Still Mourning Chewie

Yes, I am still mopey-hearted about Chewie.  Must be the guilt I feel over giving up on him.  I had Josh call the vet to see if they had placed him in a home yet and the unfortunate answer was No.  No?!  Wasn't that the plan when I agreed to let them have him?  I thought they had a place for him.  This means he has been sitting at the vet, most likely in a crate, since last Wednesday.  That thought makes me heartsick.  Just sick.  THIS is why I would have preferred to put him down.  It would all be over and he wouldn't be stuck in a cage and I wouldn't be worrying for him. Josh said they repeated a couple times that Chewie is doing really well, but still. :(

Last night I made a mental list of a few more memories and/or signs of Chewie's life left here that I have come across over the weekend.
  • First, I thought of him on Halloween. We didn't have to worry about keeping him away from the Halloween candy that we sorted in the living room floor.  That felt so weird.  
  • I finally picked up his upstairs blanket that is on the floor beside my side of the bed.  It's where he would always come sleep if there was a thunderstorm because he was afraid of the thunder.  
  • Our living room blanket never has to be put away now to keep him from rooting around in it and making it smell like dog.  We just leave it out every time we leave the house and that is a convenient but weird feeling.  
  • When I was clipping coupons this weekend and putting them in my binder, I came upon an Iam's coupon I clipped awhile back.  Felt so weird to pull that out and throw it away. 
  • There has been an increase in the number of crumbs around Anna's chair at the table.  What is up with that, I wondered while I dustbusted them up.  And then I remembered.  We no longer have a pooch around that used to hoover all the dropped food up for us. :(
  • I was looking at blog posts from this month last year and saw this shot that tugged at my heart all over again.  

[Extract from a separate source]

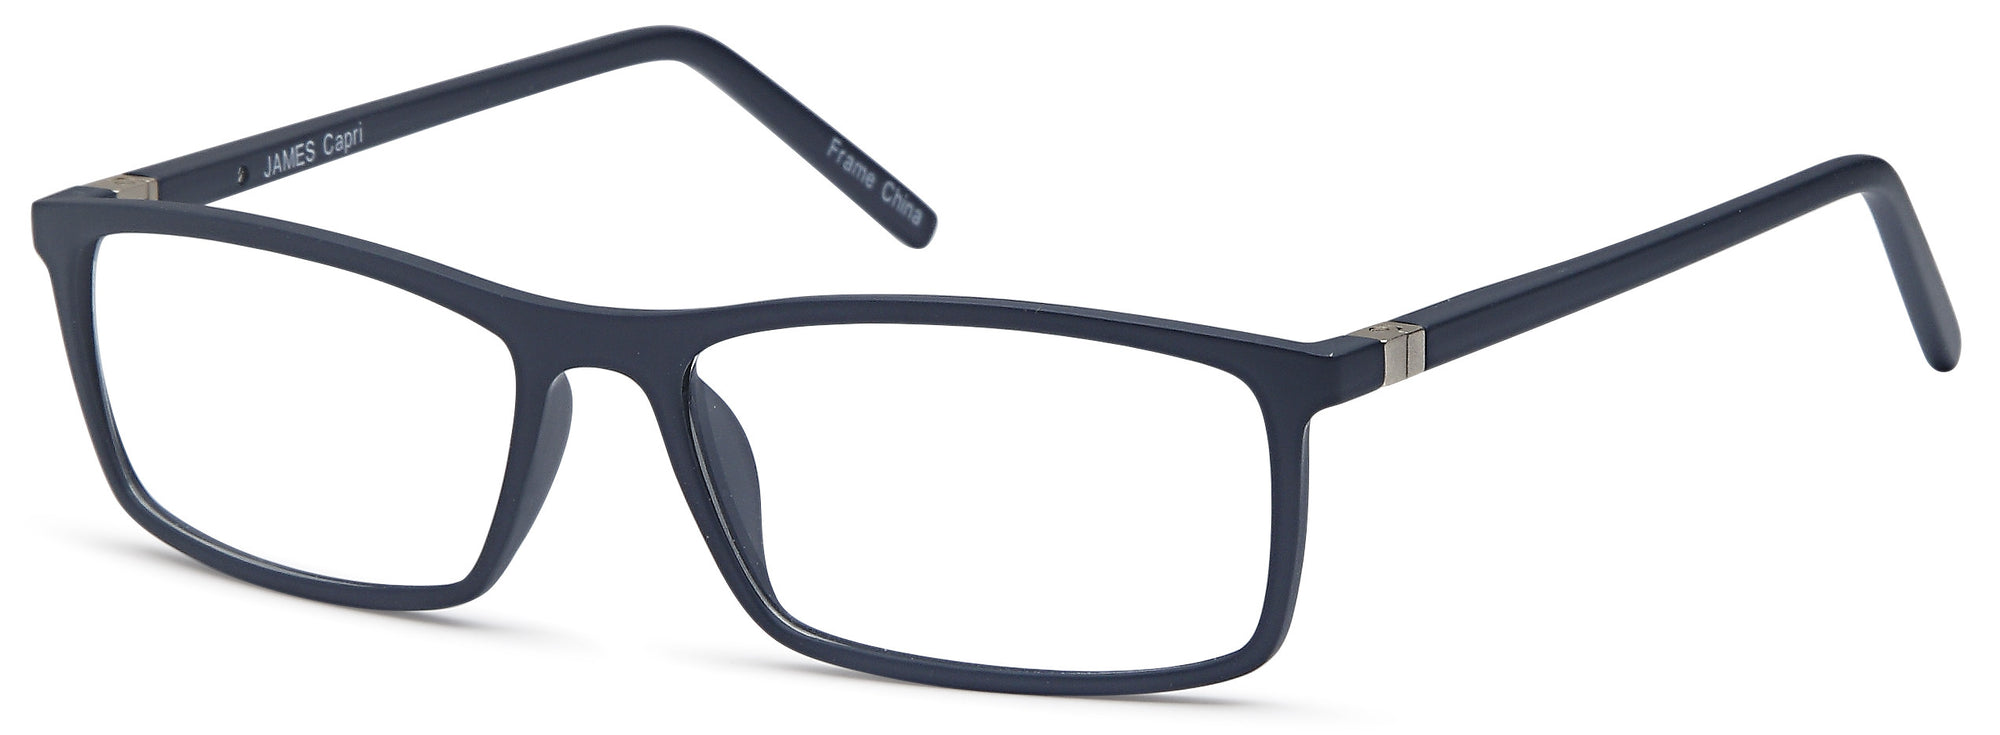 MILLENNIAL Eyeglasses JAMES - Go-Readers.com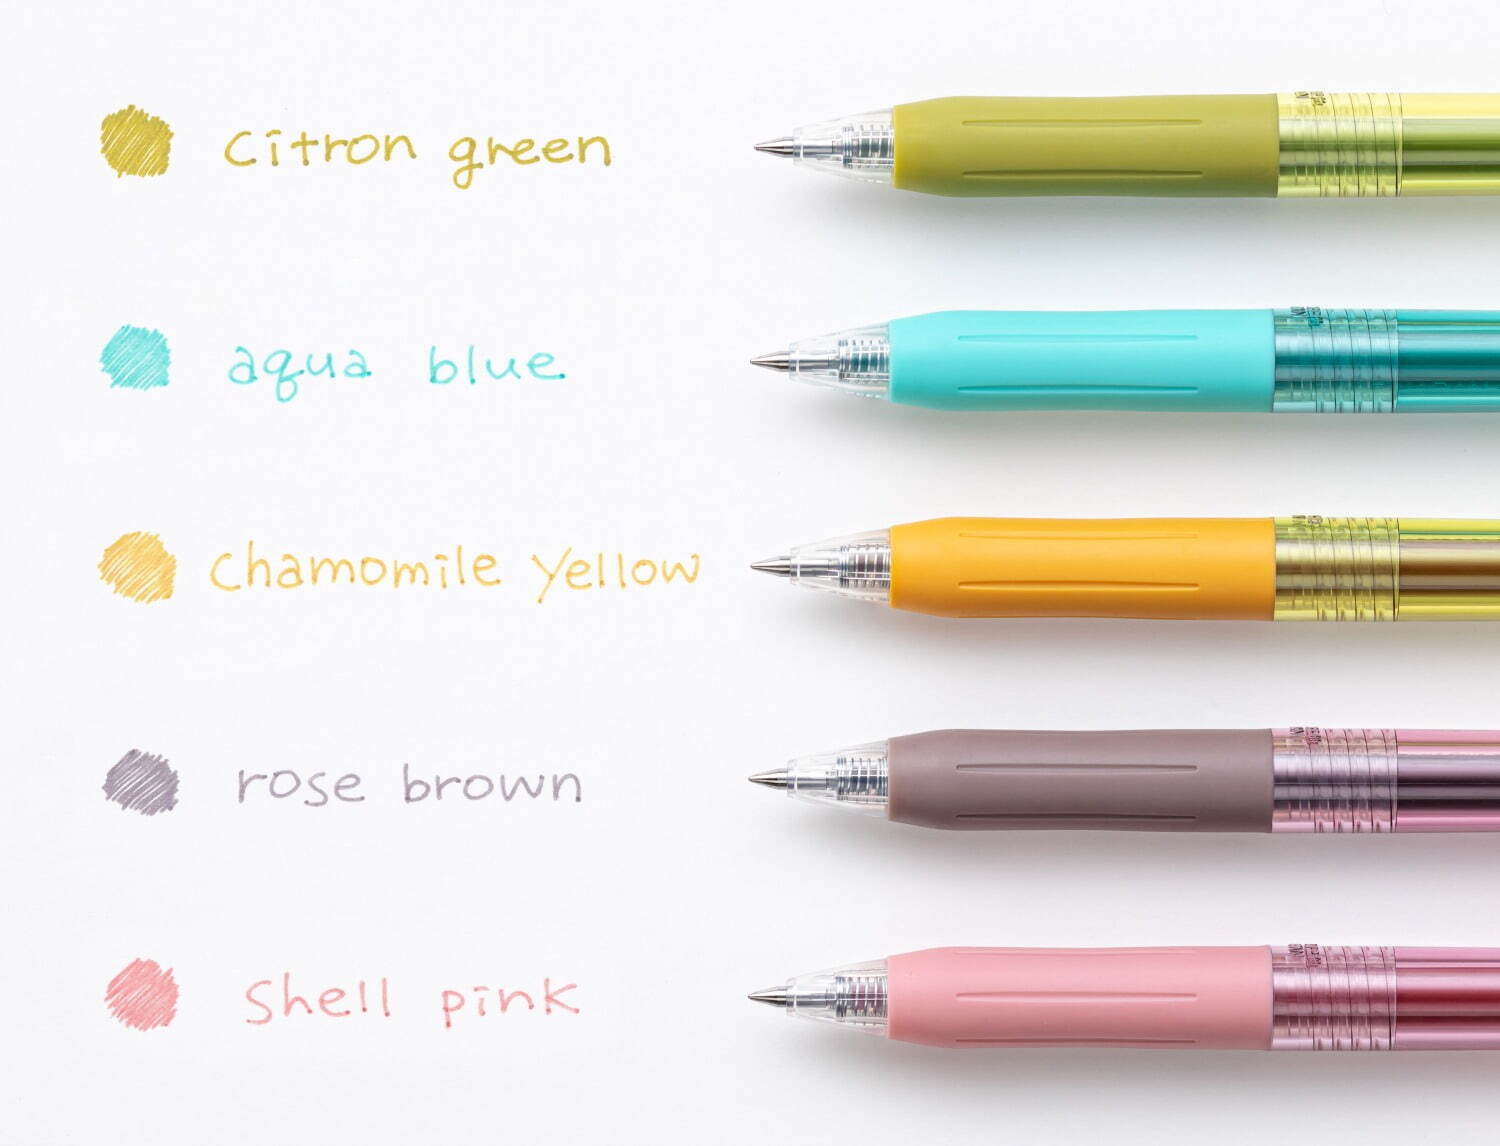 ゼブラ人気ボールペン「サラサクリップ」に限定色、“カモミールや

This just isn't right!  We are a dog family.  A CHEWIE family.  I miss him a bunch and I wish I had tried a couple other ideas now before giving him away.  :(  I am back to crying today.  I really think I would rather have him back than the stupid money in our savings acct. that seemed so important to protect last week. I emailed Josh at work about me crying about it all again.  In my head, I knew I needed him to be my rock because I also knew my heart was secretly hoping for him to say, let's ask if we can get him back.  Josh delivered more of the truth that we now know.  He said,  
I know, this is a great lesson for us.  In the future I think our financial preparation/commitment for an animal will be grounded by the memory of this loss. 
I also think this is preparation in some way for fostering.
Um, wow.  While that doesn't get me Chewie back, it does distract me from my grief by getting me thinking about what is coming next in our lives.  {exhale} Just getting through this sad goodbye one day at a time.  Lesson learned ... the hard/heartbreaking way. Ugh.

9 comments:

  1. Sounds like you need to GO GET HIM BACK!!!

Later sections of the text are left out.